▶ MATERIAL SUPPLIED
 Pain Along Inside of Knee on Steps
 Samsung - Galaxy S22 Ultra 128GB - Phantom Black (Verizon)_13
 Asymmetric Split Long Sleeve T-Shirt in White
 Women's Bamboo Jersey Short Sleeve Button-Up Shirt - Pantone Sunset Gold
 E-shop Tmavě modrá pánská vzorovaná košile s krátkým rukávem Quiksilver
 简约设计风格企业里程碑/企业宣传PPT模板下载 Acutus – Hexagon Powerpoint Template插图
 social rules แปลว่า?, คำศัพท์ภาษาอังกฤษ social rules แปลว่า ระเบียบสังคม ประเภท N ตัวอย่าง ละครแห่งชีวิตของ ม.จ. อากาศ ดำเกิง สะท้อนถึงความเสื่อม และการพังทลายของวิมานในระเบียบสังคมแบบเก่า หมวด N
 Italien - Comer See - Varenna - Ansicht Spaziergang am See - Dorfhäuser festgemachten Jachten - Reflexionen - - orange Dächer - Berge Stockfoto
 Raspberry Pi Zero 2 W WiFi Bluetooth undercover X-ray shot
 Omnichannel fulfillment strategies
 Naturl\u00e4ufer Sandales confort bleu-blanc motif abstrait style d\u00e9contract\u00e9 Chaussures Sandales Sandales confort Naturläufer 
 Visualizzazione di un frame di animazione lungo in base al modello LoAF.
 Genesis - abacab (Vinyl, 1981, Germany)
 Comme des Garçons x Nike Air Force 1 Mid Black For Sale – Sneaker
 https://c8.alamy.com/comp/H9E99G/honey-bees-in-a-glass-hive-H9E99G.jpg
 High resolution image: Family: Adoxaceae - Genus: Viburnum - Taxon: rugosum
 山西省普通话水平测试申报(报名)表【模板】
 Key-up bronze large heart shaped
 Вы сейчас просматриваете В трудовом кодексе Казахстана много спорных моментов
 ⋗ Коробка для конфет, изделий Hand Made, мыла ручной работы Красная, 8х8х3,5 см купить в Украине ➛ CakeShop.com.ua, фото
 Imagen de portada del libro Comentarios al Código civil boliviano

▶ ACTION ITEM
Write out only what runs from the line holding "Comme des Garçons" through the last line of the records, exactly as shown.

▶ OUTPUT OF THE TASK
 Comme des Garçons x Nike Air Force 1 Mid Black For Sale – Sneaker
 https://c8.alamy.com/comp/H9E99G/honey-bees-in-a-glass-hive-H9E99G.jpg
 High resolution image: Family: Adoxaceae - Genus: Viburnum - Taxon: rugosum
 山西省普通话水平测试申报(报名)表【模板】
 Key-up bronze large heart shaped
 Вы сейчас просматриваете В трудовом кодексе Казахстана много спорных моментов
 ⋗ Коробка для конфет, изделий Hand Made, мыла ручной работы Красная, 8х8х3,5 см купить в Украине ➛ CakeShop.com.ua, фото
 Imagen de portada del libro Comentarios al Código civil boliviano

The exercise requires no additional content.